Exercise prompt >> Pictures in the listing below are skipped, while the lines from the "Christmas tree made" line through the "Prime Joanna Dining Set with Bench with Back" line are returned word for word.

Raw data >>
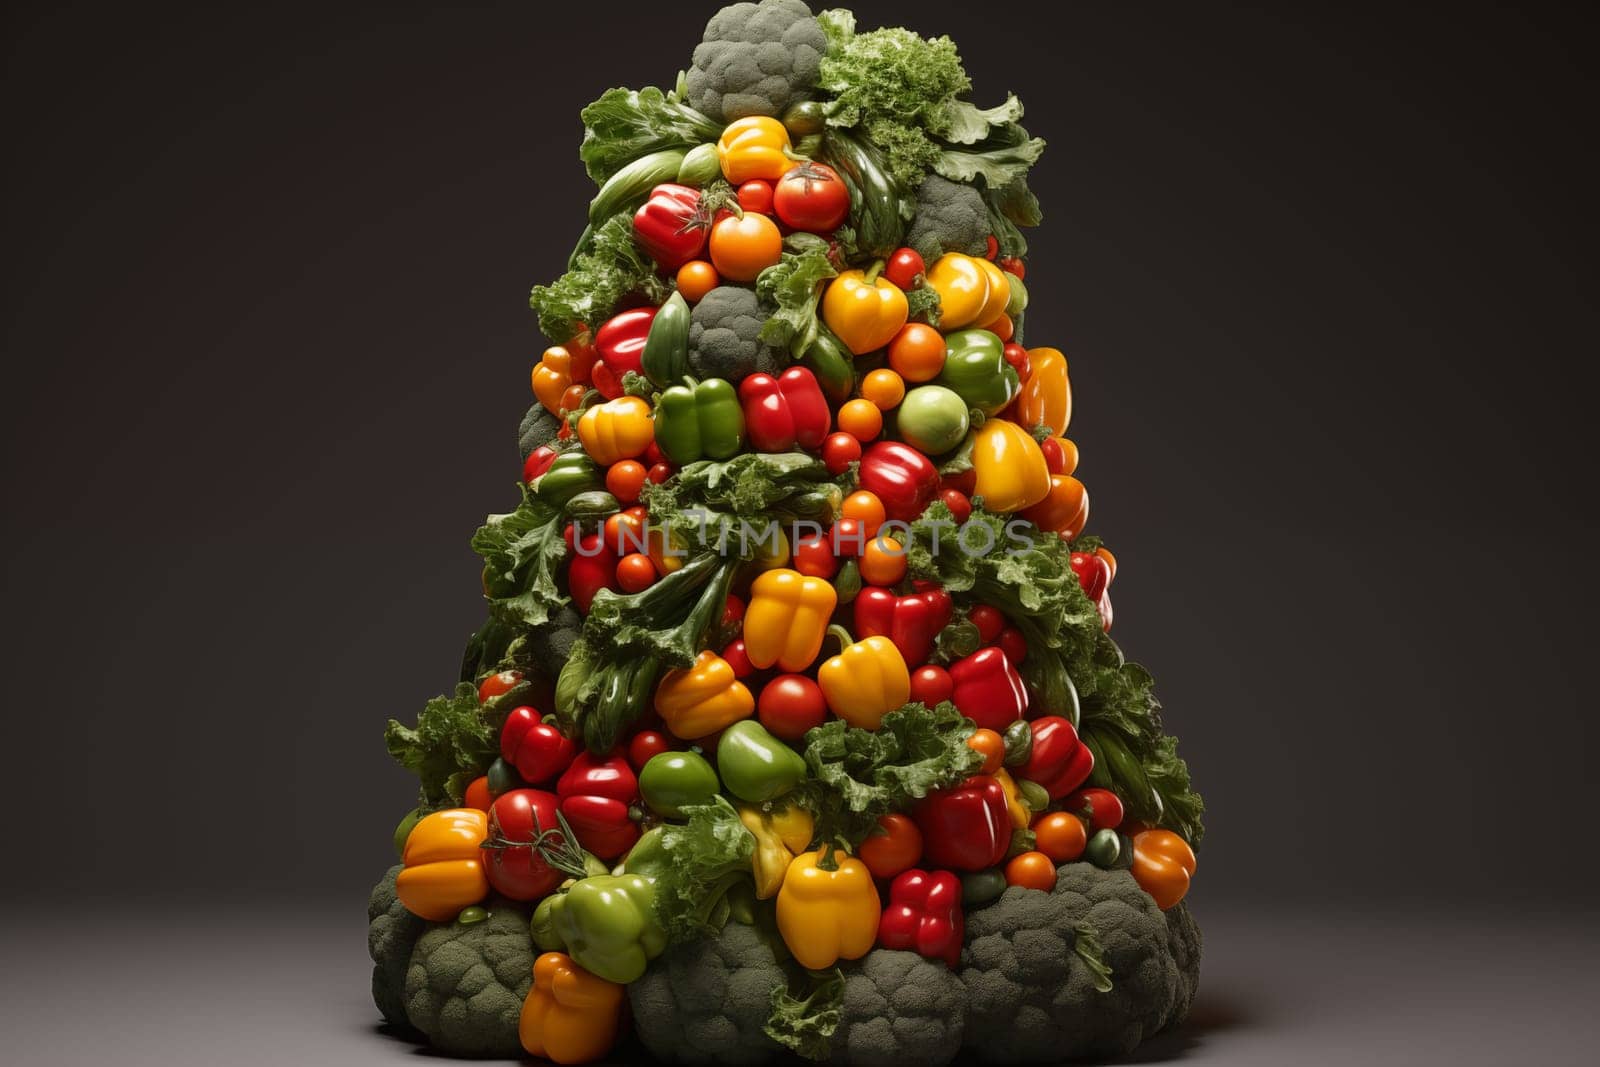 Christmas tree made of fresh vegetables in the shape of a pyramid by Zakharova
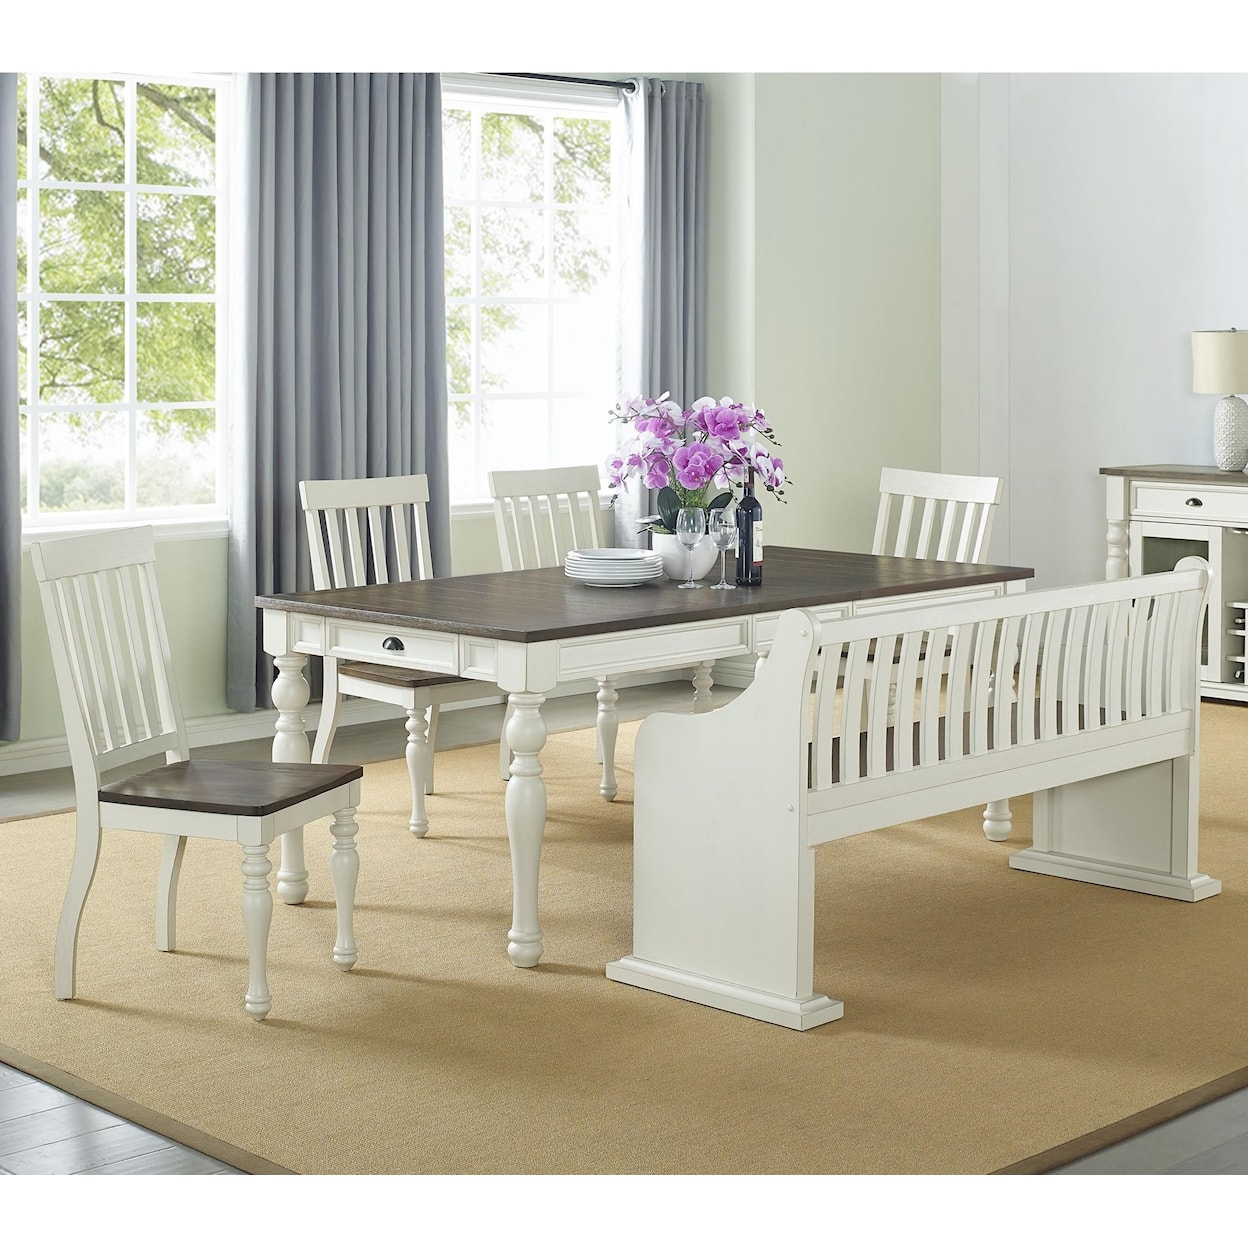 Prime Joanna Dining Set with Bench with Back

* * *

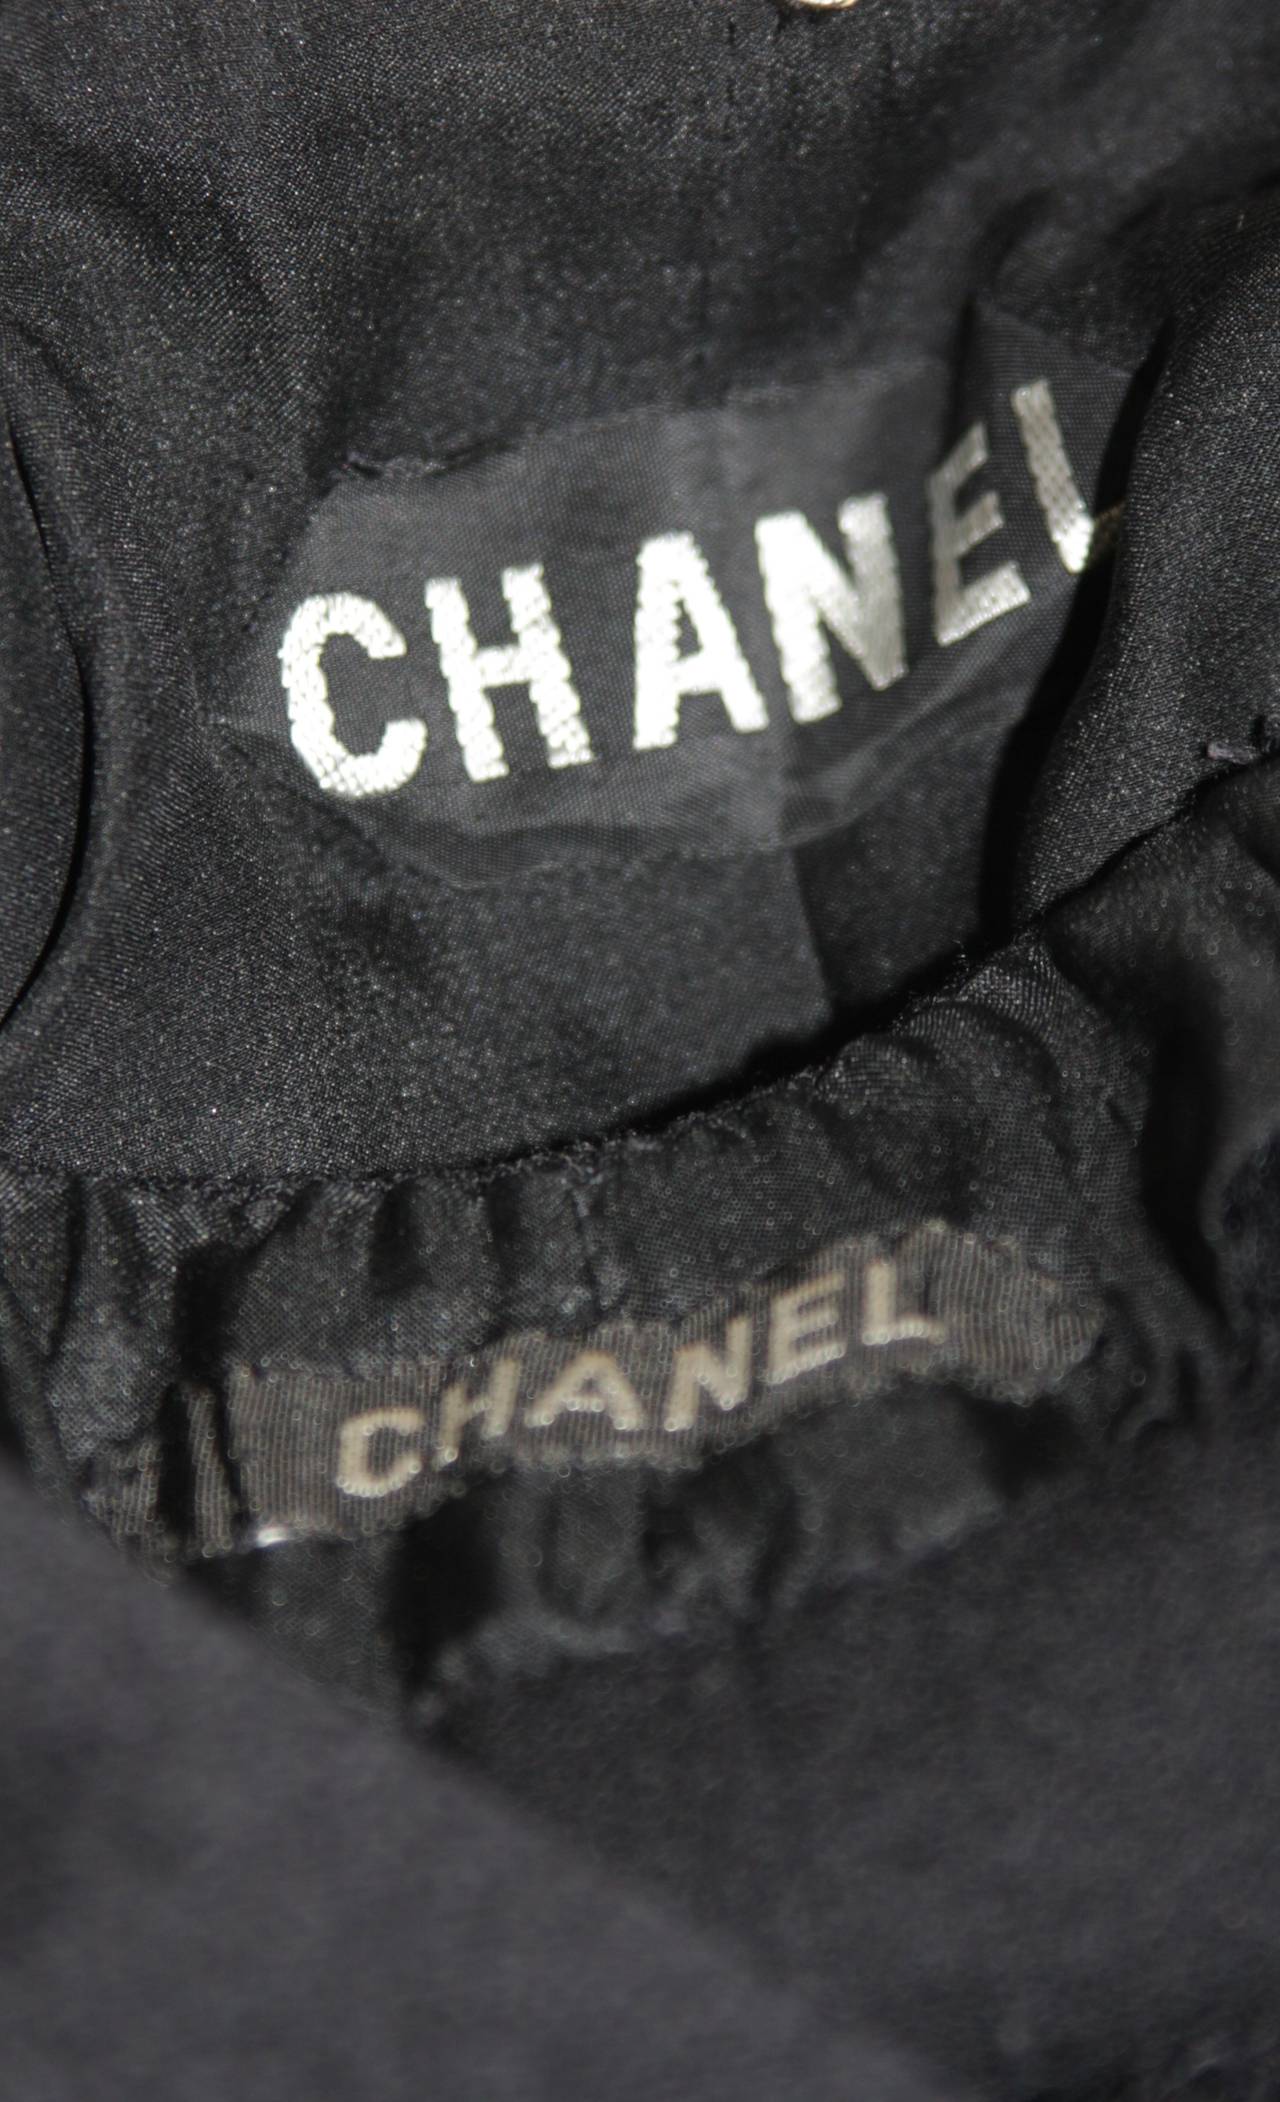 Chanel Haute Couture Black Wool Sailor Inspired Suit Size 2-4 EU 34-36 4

Solved exercise >>
 Christmas tree made of fresh vegetables in the shape of a pyramid by Zakharova
 Prime Joanna Dining Set with Bench with Back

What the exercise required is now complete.